=== Stored data ===

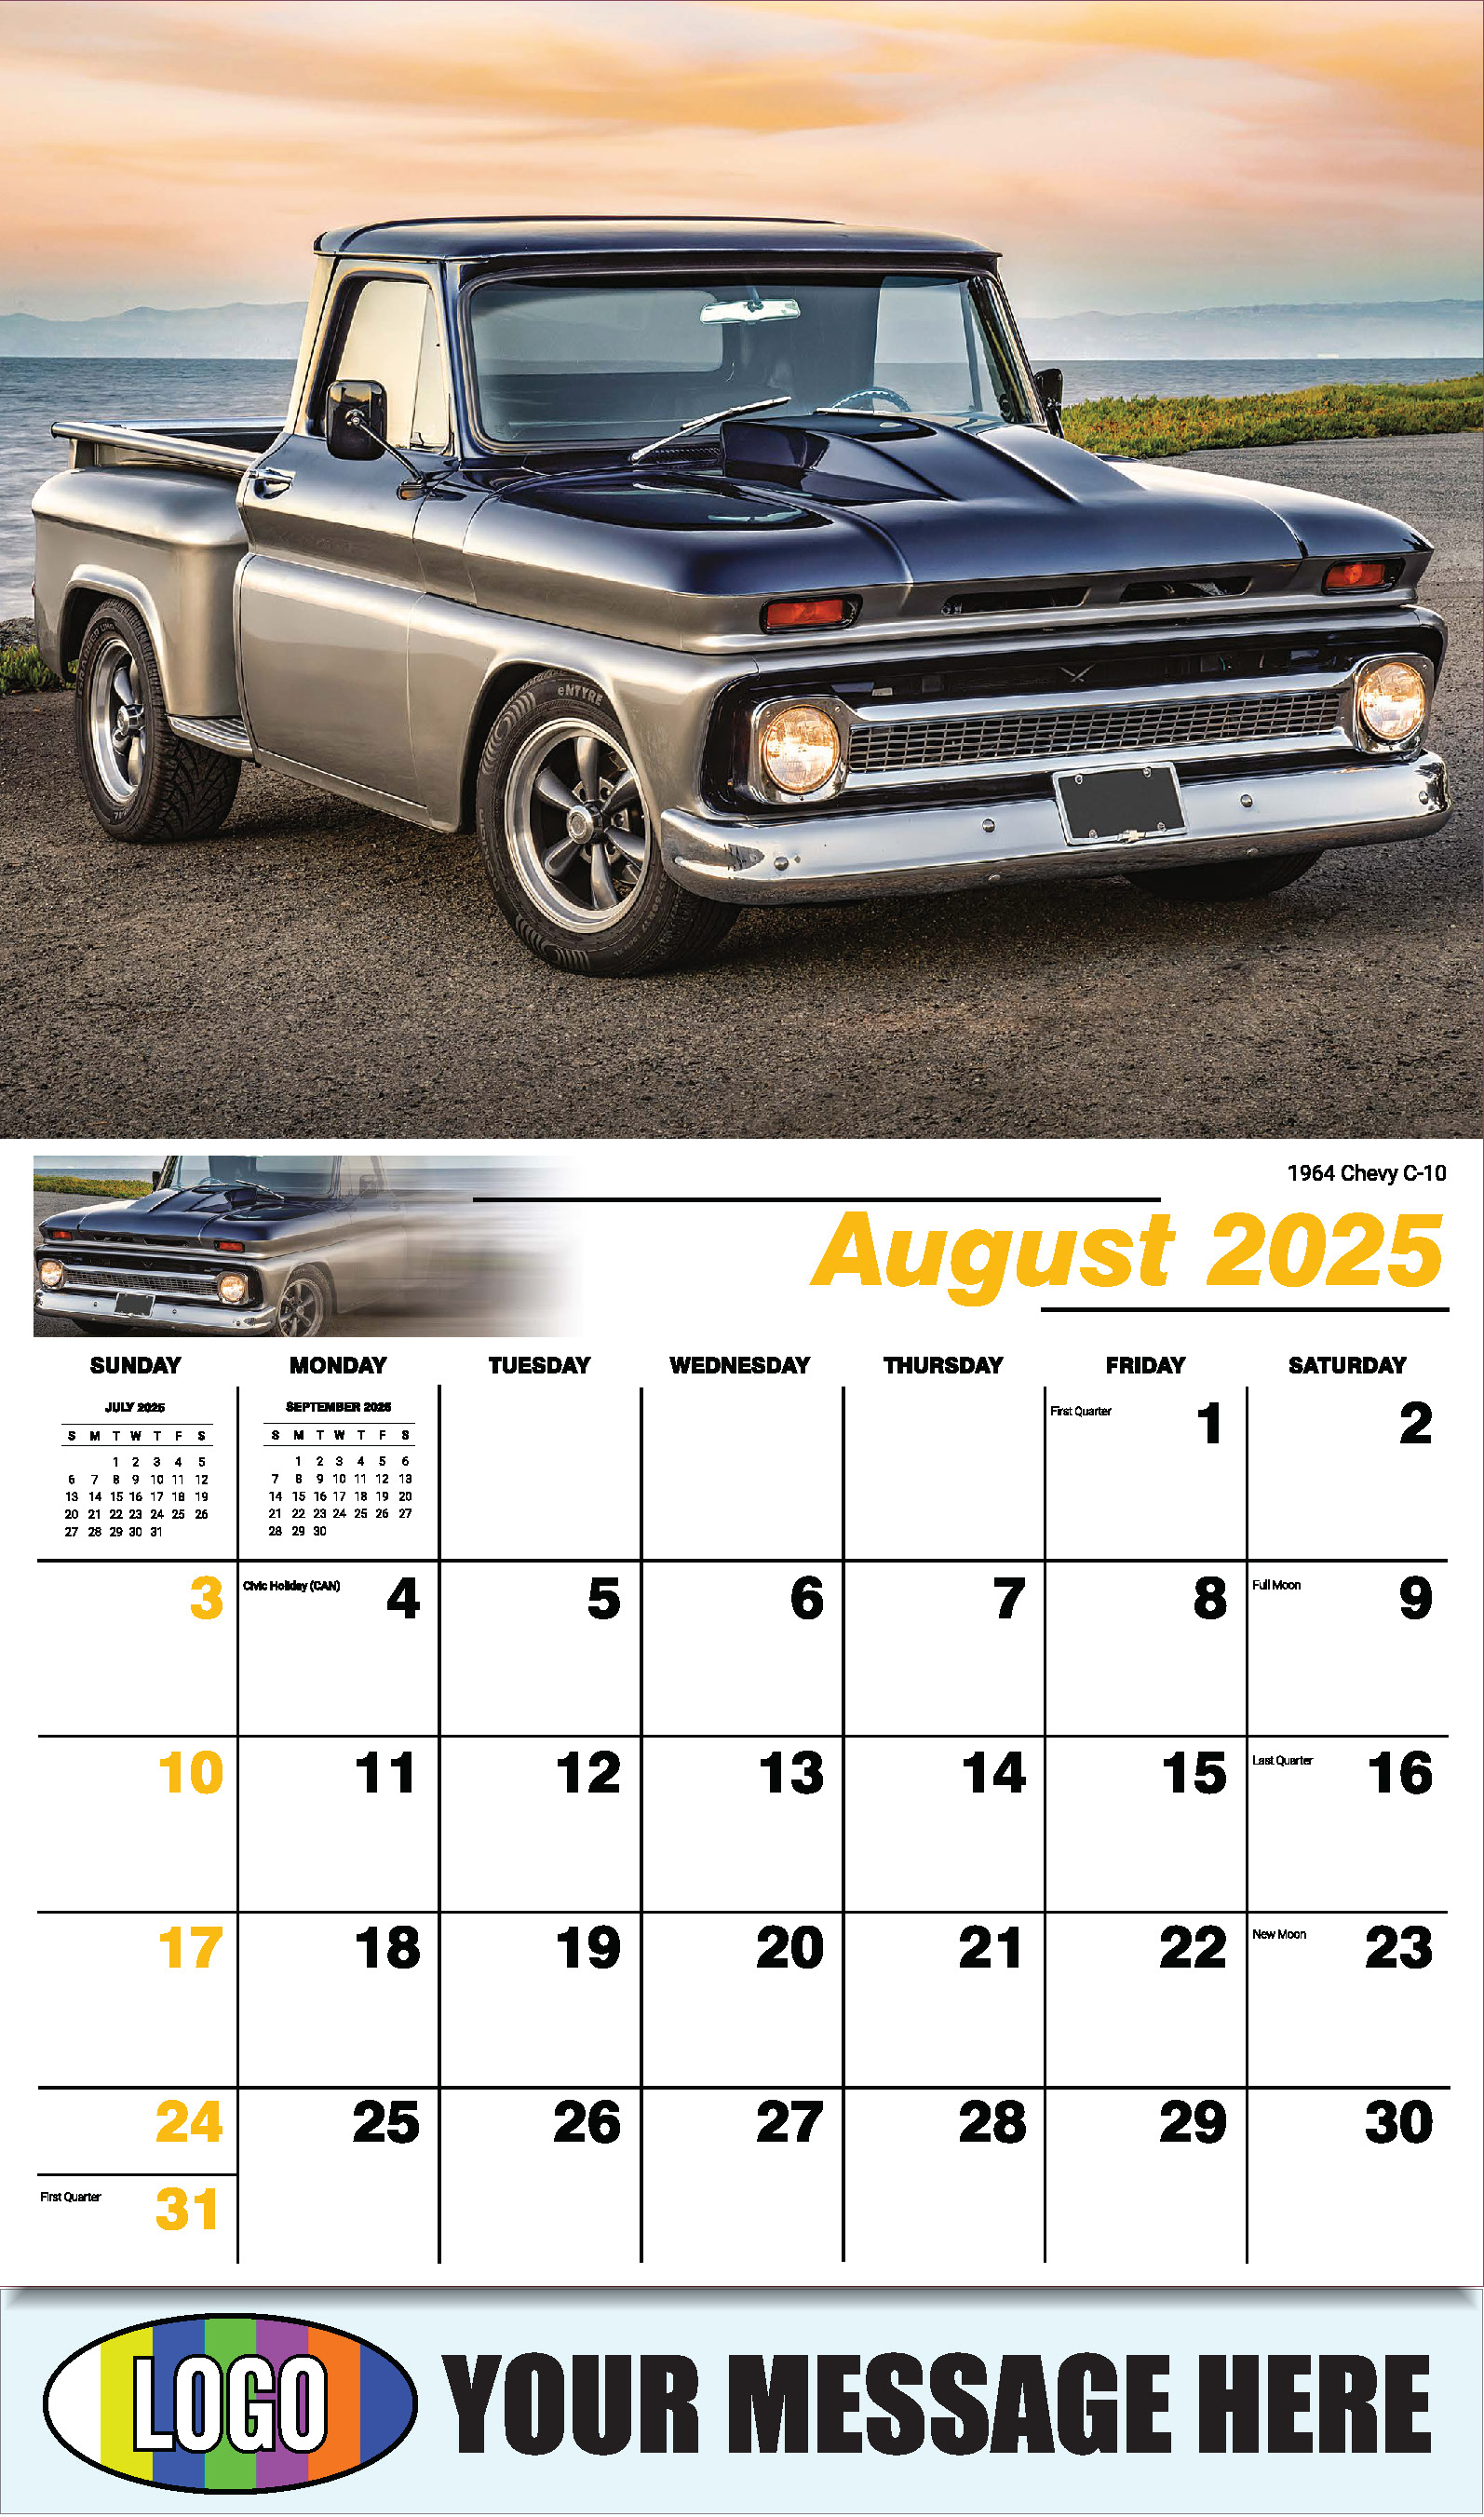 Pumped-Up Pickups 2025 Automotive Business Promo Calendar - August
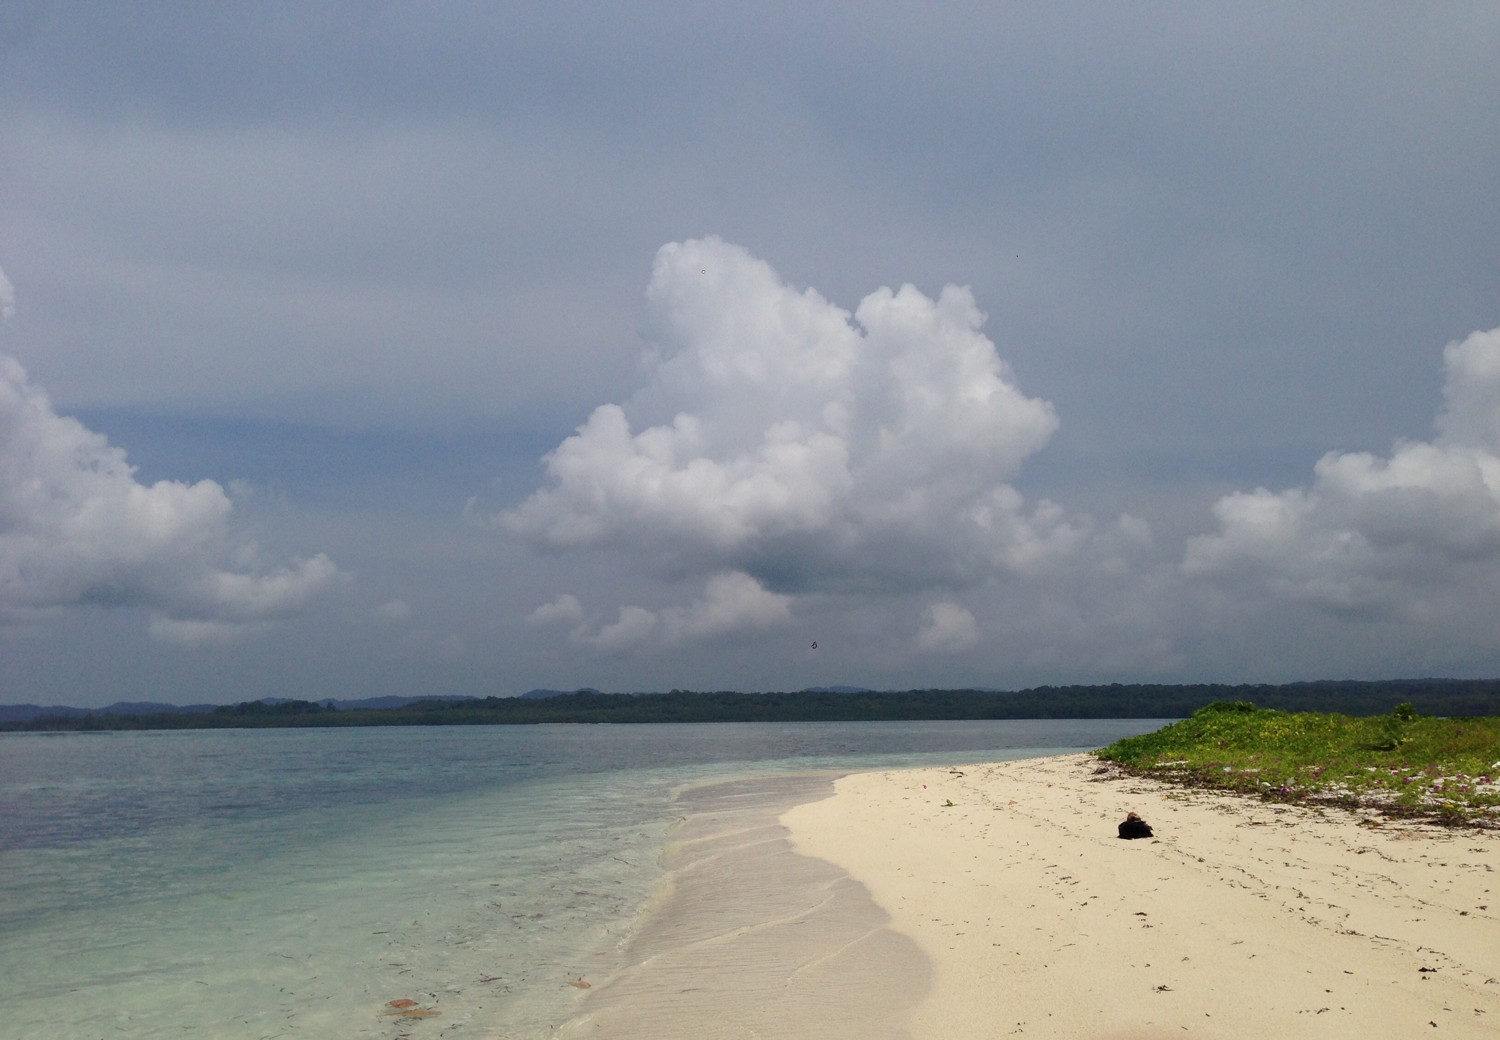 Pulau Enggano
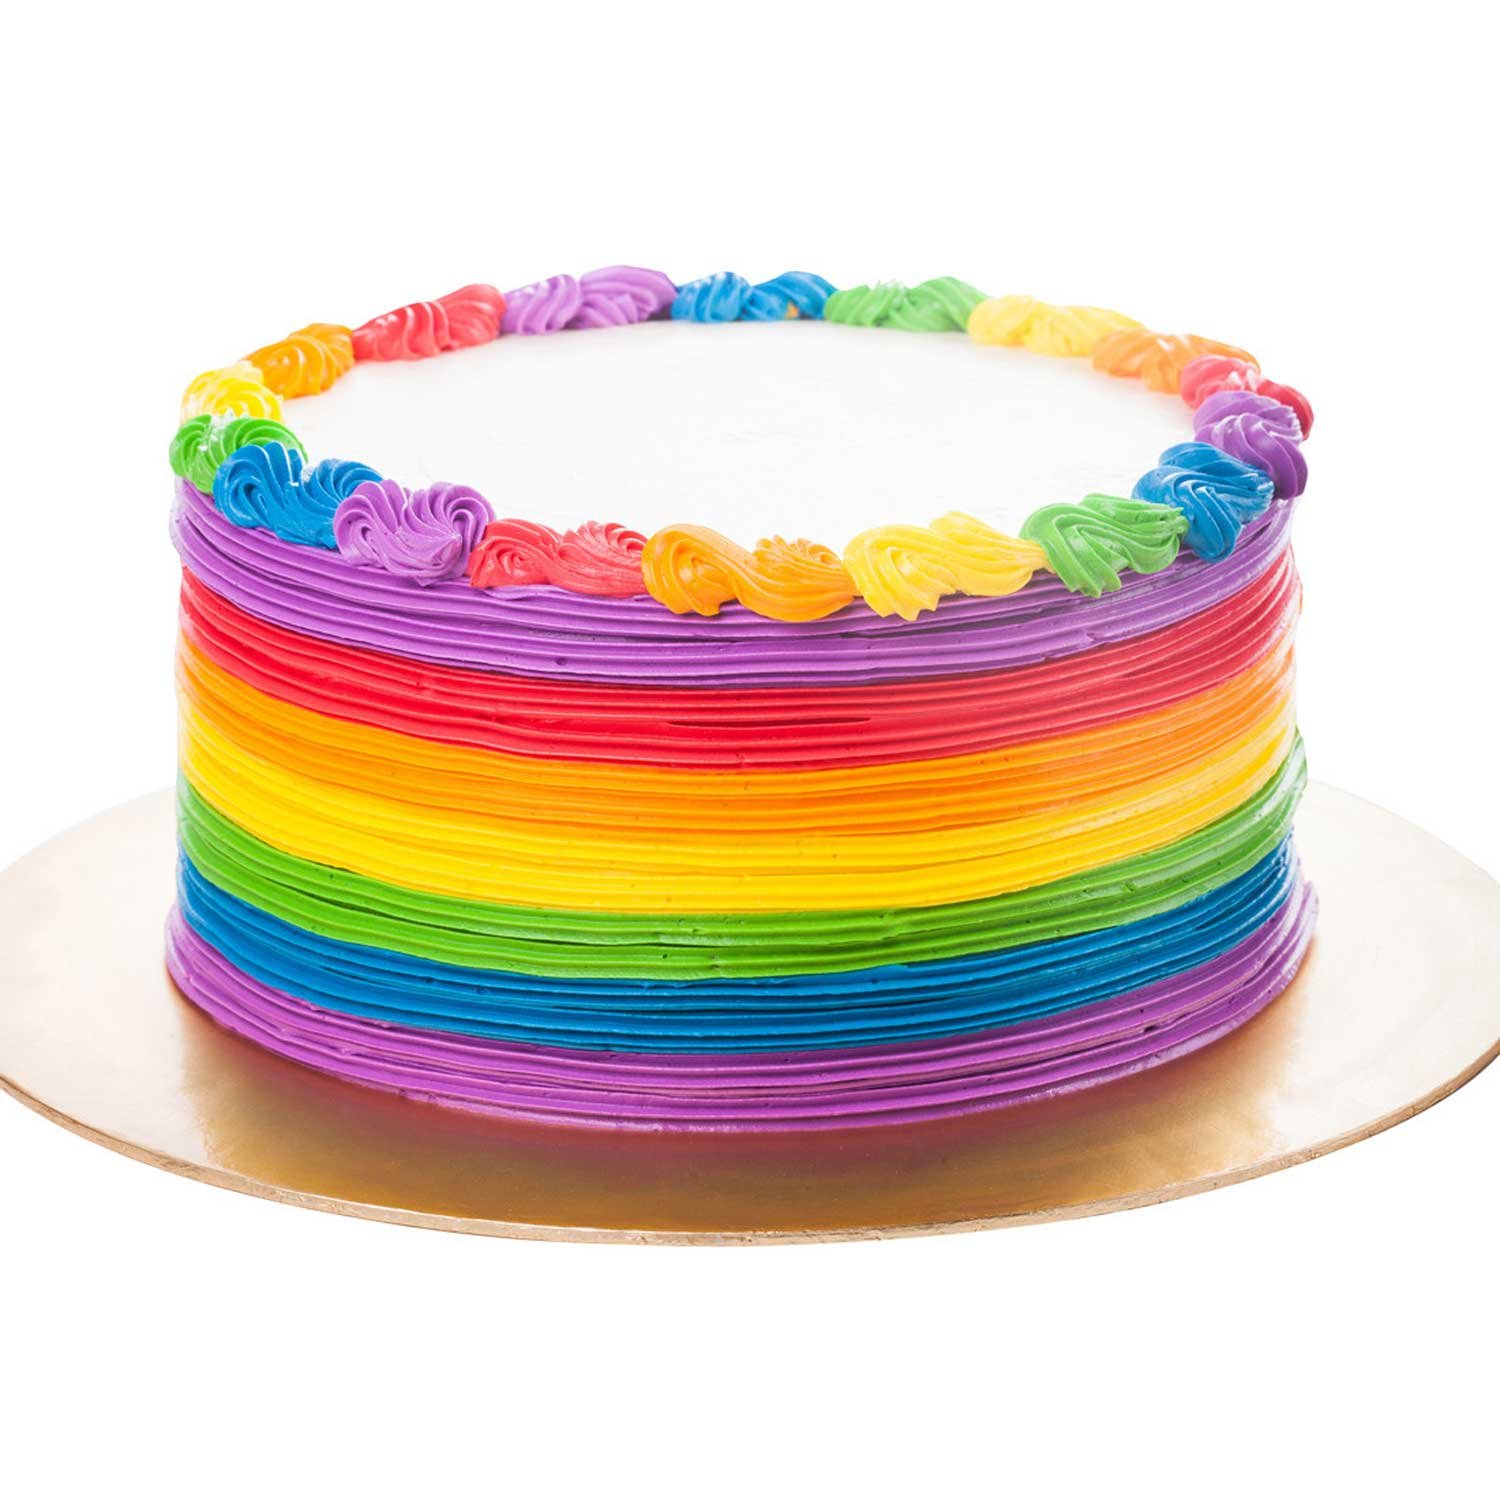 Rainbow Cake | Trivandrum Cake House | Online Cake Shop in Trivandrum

===

**The problem:**
Copy out the material above in full and exactly; its pictures are not to appear.

**Solution for this task:**
 Pumped-Up Pickups 2025 Automotive Business Promo Calendar - August
 Pulau Enggano
 Rainbow Cake | Trivandrum Cake House | Online Cake Shop in Trivandrum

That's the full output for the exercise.